*DIRECTIONS FOR THIS TASK*. Return the exact lines from the one containing "Khuyến mãi đặc" through the final line of the material below, with both ends kept.
─── SOURCE MATERIAL ───
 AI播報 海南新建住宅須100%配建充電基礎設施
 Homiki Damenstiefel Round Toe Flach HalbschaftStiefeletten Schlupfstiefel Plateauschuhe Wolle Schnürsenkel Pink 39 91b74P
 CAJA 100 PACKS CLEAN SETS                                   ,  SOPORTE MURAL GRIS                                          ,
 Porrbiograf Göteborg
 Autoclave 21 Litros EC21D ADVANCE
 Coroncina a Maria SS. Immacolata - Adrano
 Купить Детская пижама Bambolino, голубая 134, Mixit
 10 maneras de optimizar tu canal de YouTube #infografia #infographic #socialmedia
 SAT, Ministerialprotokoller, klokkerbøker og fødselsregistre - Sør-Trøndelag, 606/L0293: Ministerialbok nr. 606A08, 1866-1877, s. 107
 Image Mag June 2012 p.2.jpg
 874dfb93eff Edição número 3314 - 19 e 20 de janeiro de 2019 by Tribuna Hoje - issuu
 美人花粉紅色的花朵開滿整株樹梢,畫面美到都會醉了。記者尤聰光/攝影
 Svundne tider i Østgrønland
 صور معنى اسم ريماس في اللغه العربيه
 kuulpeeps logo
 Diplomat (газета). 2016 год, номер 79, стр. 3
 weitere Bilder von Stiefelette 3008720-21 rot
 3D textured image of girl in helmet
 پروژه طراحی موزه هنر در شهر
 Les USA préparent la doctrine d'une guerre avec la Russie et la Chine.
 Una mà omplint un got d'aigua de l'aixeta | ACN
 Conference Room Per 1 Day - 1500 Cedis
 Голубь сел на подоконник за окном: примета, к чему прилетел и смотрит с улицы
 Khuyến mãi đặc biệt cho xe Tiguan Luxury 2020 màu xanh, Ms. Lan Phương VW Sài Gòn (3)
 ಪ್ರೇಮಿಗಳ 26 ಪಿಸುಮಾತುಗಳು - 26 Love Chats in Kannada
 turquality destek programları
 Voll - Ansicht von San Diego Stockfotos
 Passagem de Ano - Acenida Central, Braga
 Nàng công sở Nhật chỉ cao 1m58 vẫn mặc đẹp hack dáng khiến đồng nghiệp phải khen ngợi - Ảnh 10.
───
*THE ANSWER*.
 Khuyến mãi đặc biệt cho xe Tiguan Luxury 2020 màu xanh, Ms. Lan Phương VW Sài Gòn (3)
 ಪ್ರೇಮಿಗಳ 26 ಪಿಸುಮಾತುಗಳು - 26 Love Chats in Kannada
 turquality destek programları
 Voll - Ansicht von San Diego Stockfotos
 Passagem de Ano - Acenida Central, Braga
 Nàng công sở Nhật chỉ cao 1m58 vẫn mặc đẹp hack dáng khiến đồng nghiệp phải khen ngợi - Ảnh 10.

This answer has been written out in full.